*INSTRUCTIONS FOR THE TASK*
Quote exactly the lines from the one with "Photo of 1000" to the end of the data, both included; omit the pictures.

*DATA EXCERPT*
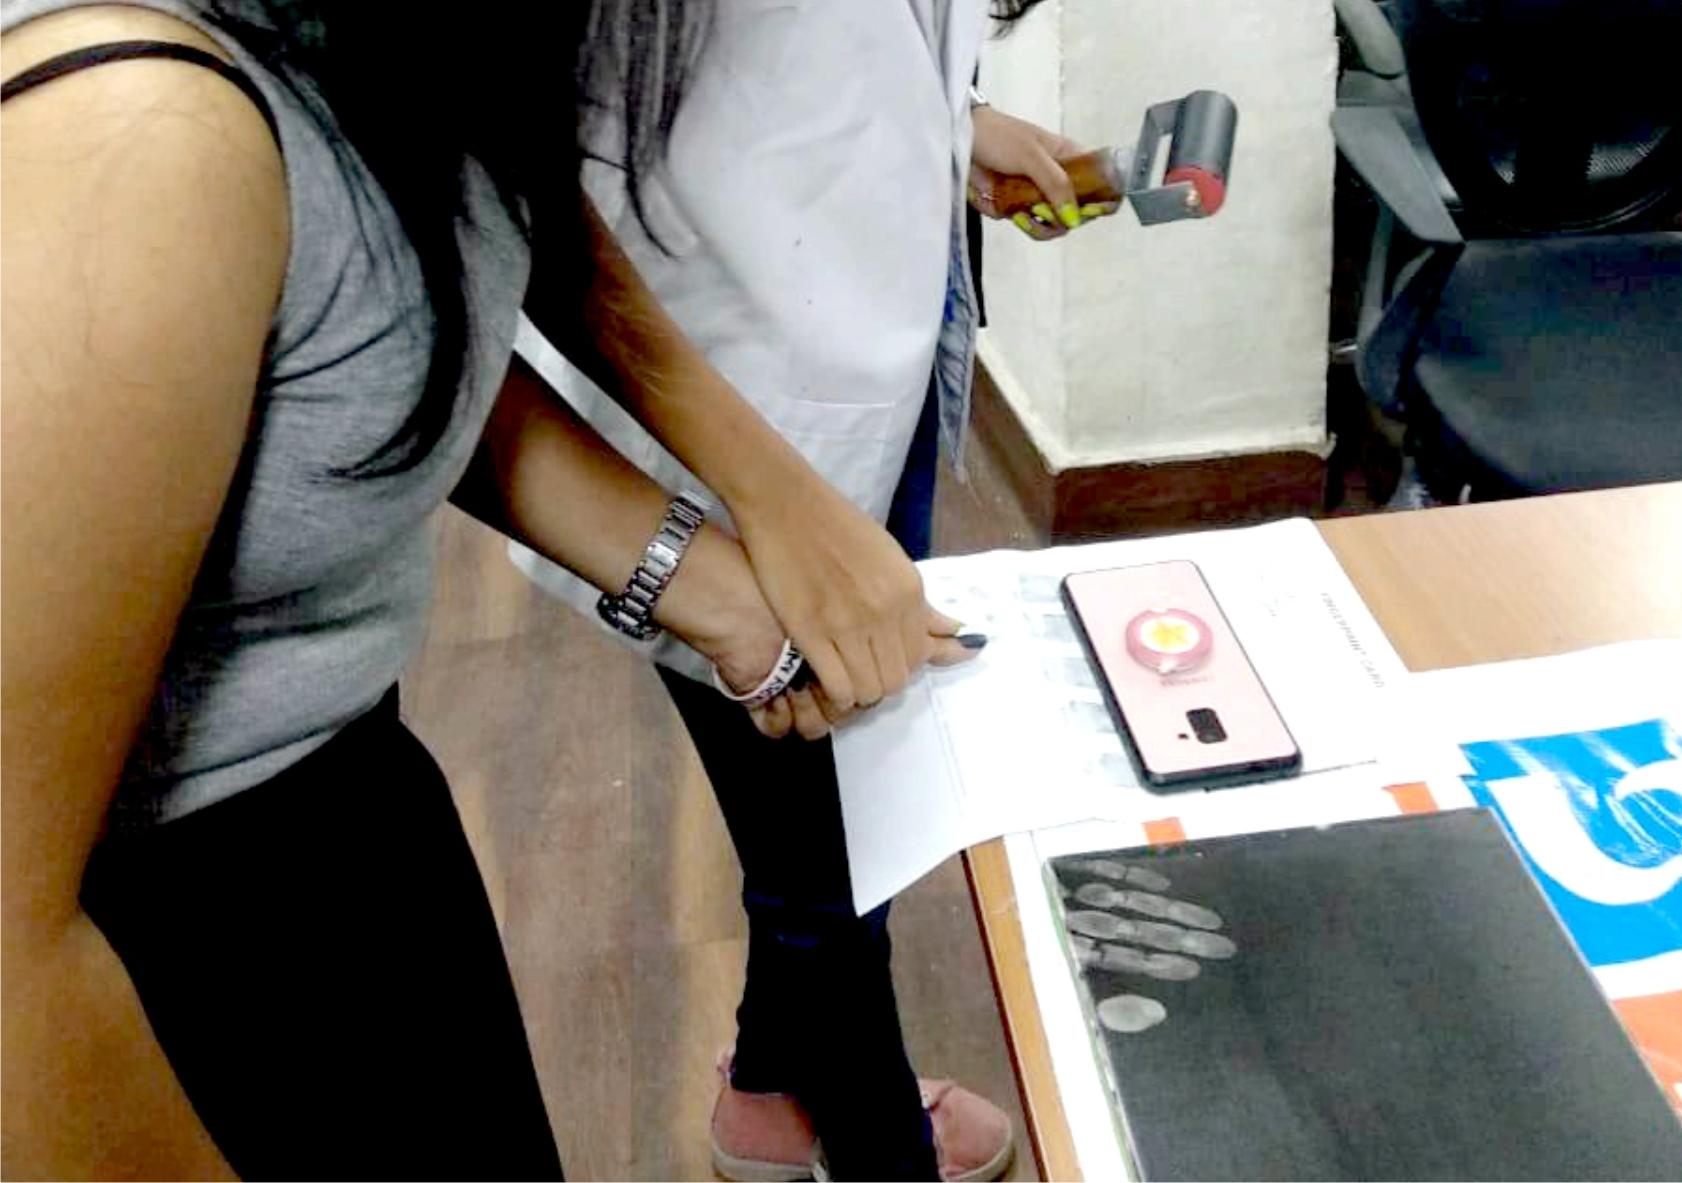 Fingerprint Taking
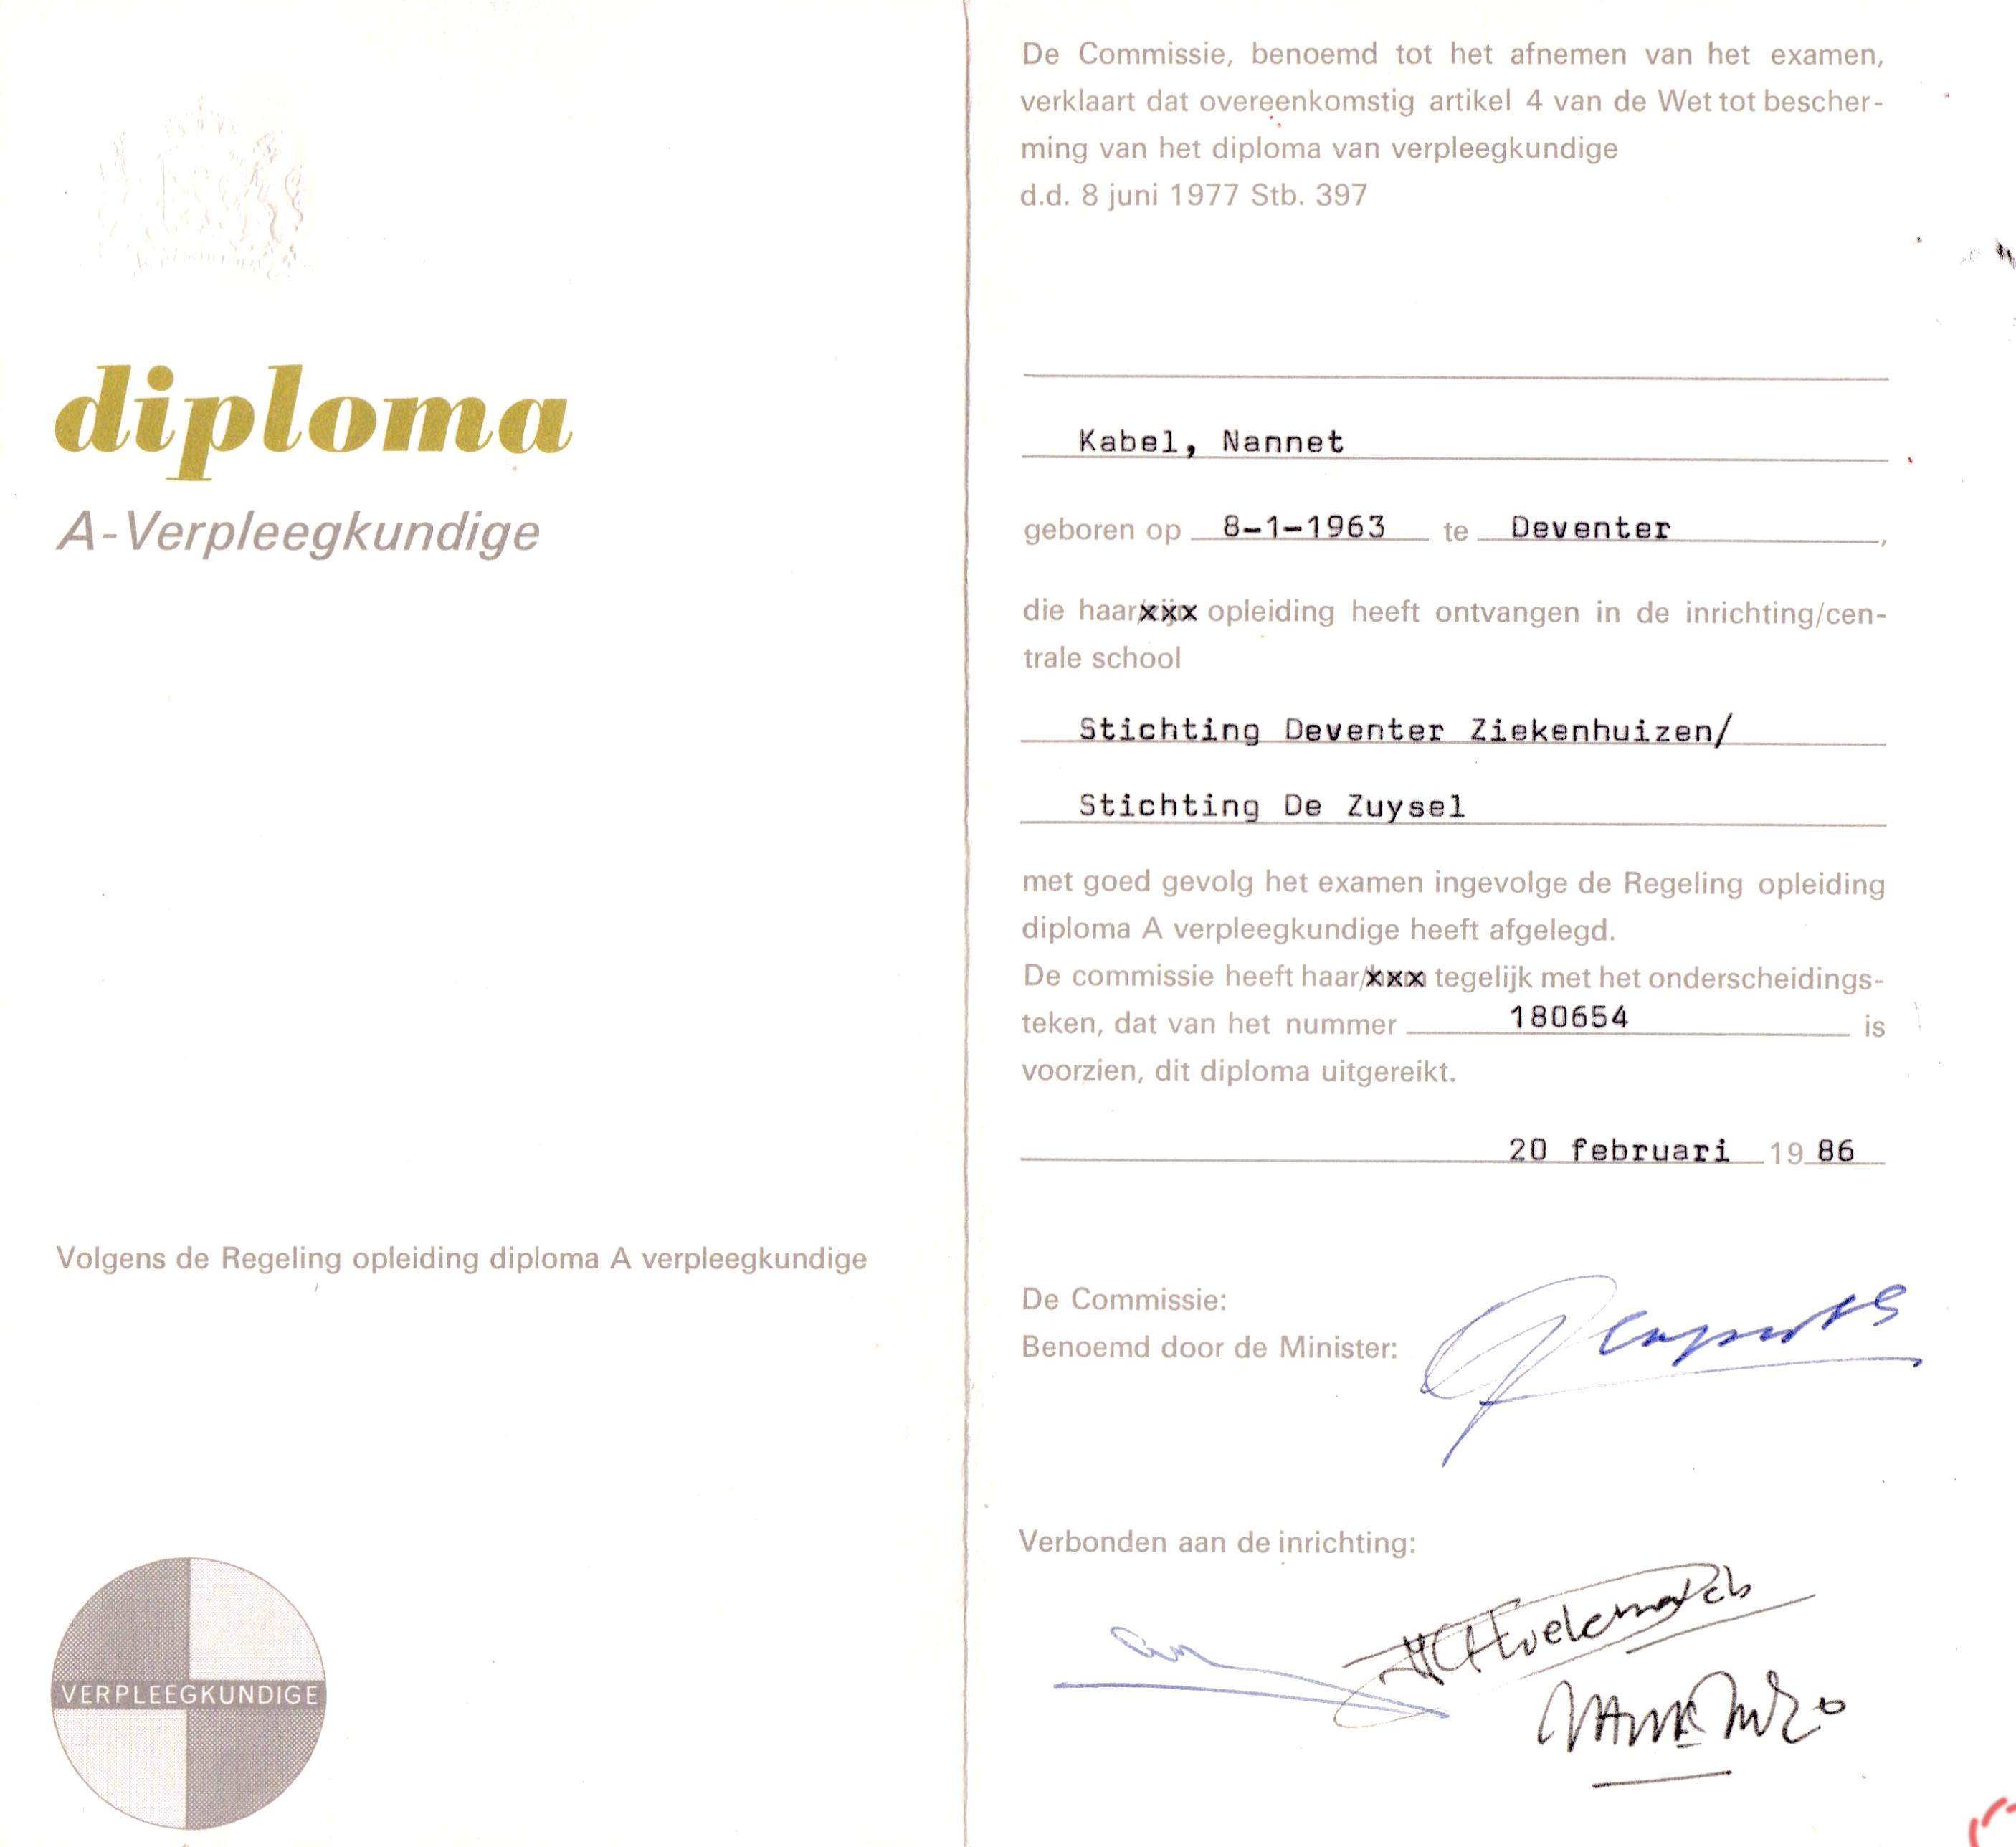 Nannet Kabel Diploma A-verpleegkundige
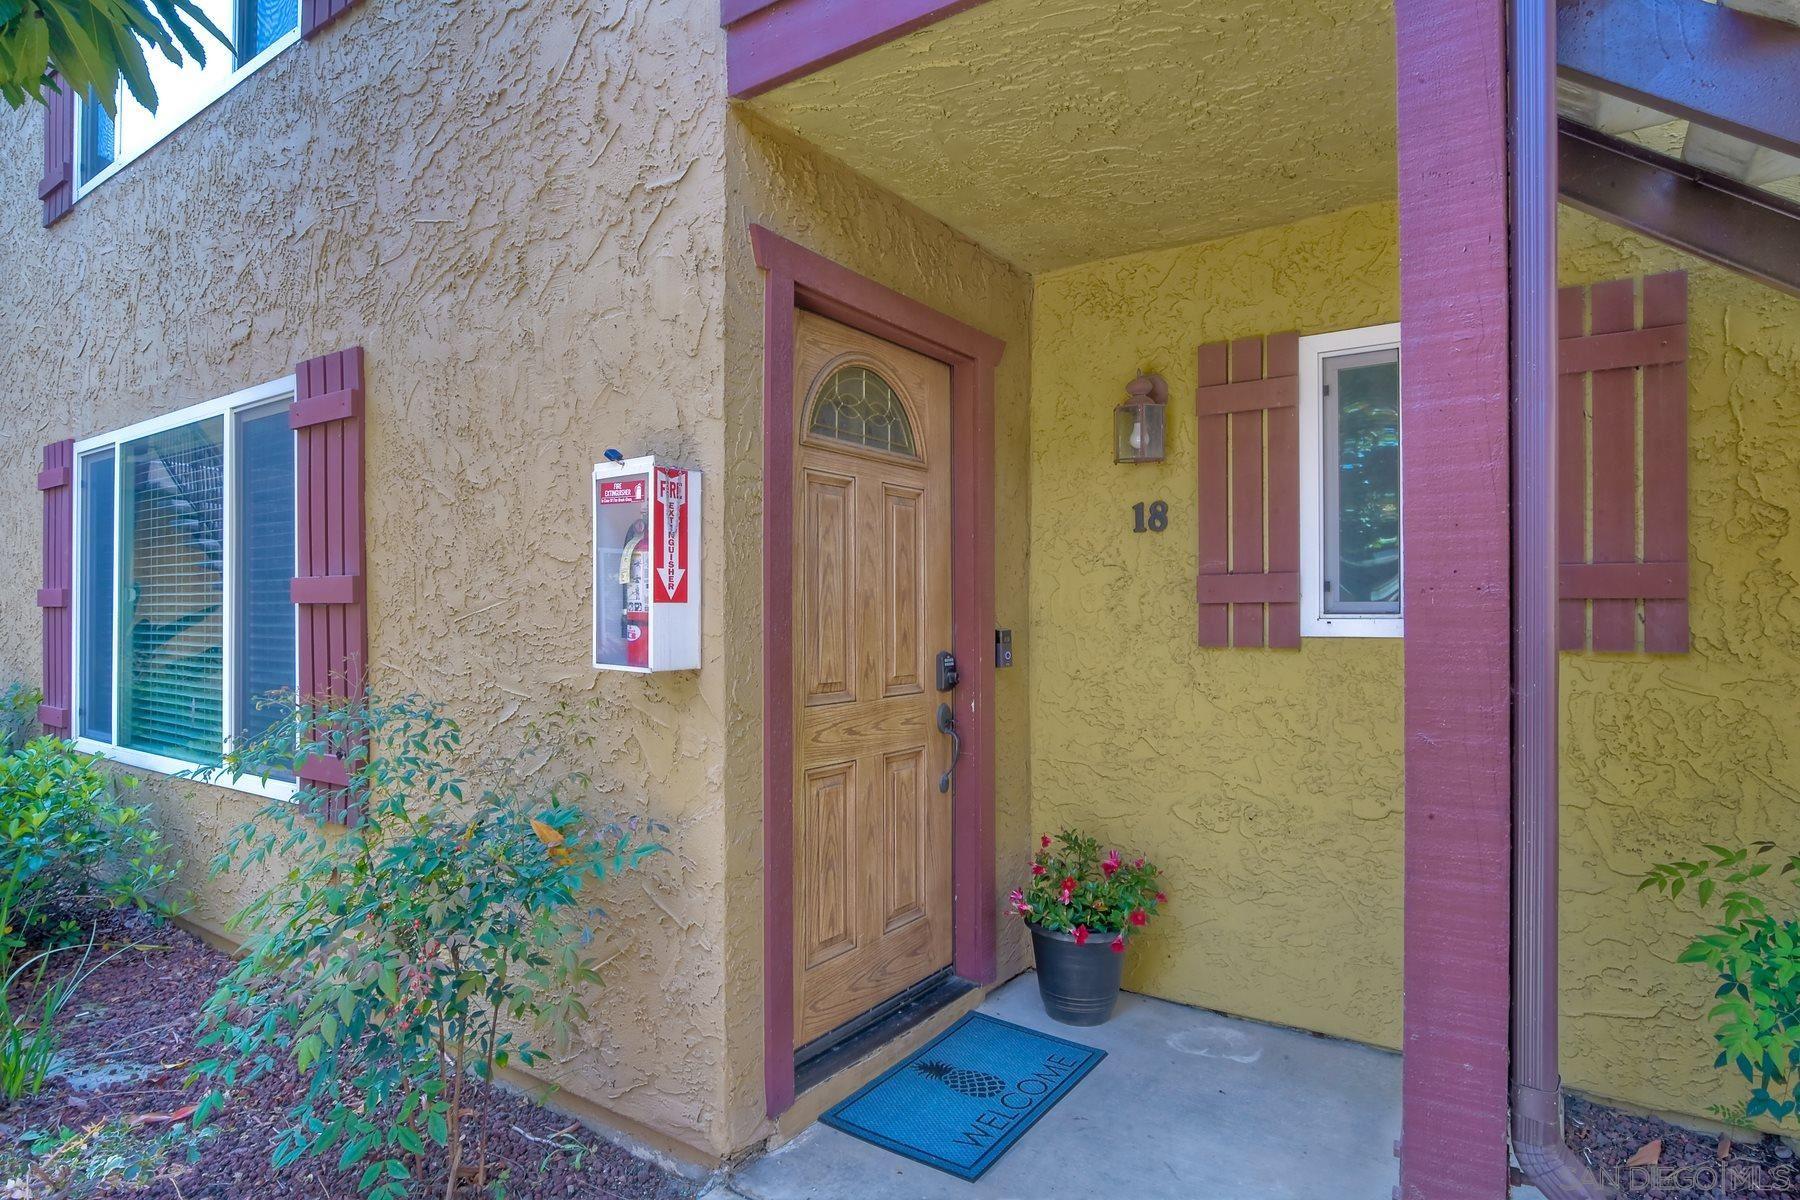 Photo of 1000 Estes St #18, El Cajon, CA 92020 (MLS # 210009141)
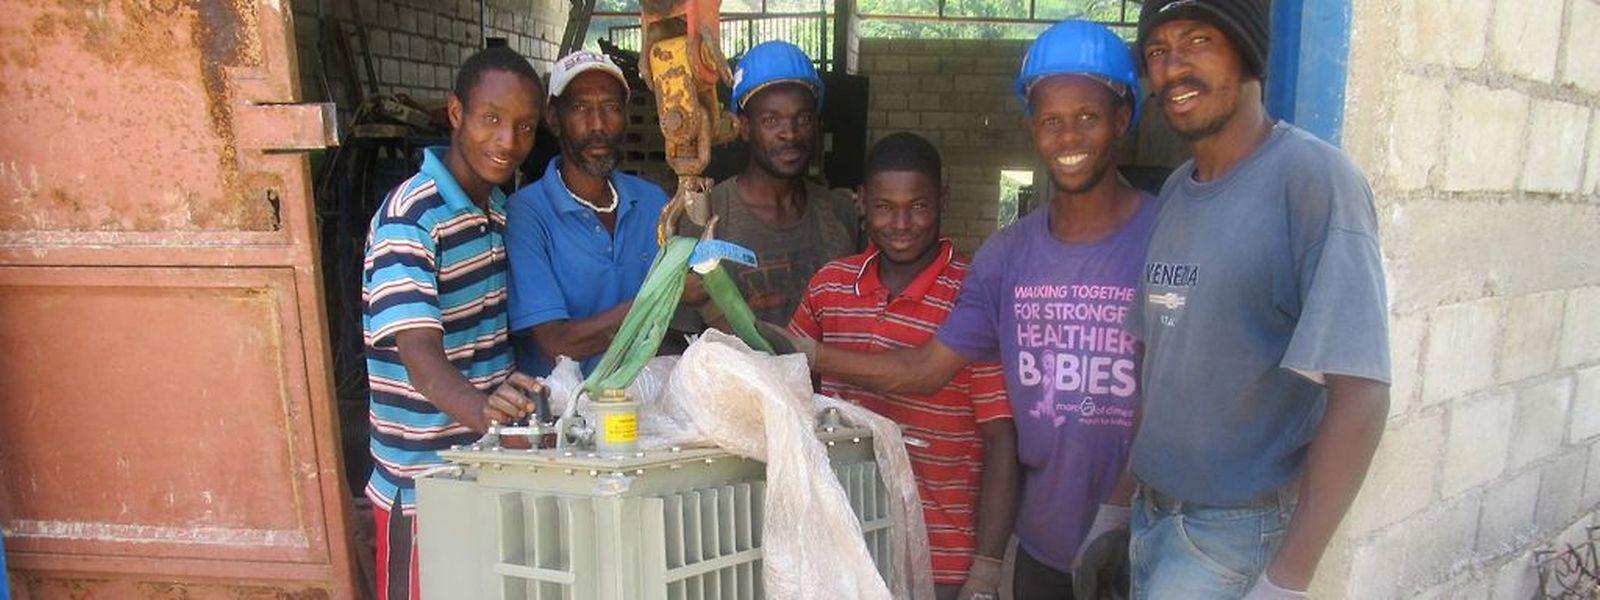 Die Haitianer helfen bei den Arbeiten tatkräftig mit und erhalten dafür ein kleines Entgelt.

*RESPONSE AREA*
 Photo of 1000 Estes St #18, El Cajon, CA 92020 (MLS # 210009141)
 Die Haitianer helfen bei den Arbeiten tatkräftig mit und erhalten dafür ein kleines Entgelt.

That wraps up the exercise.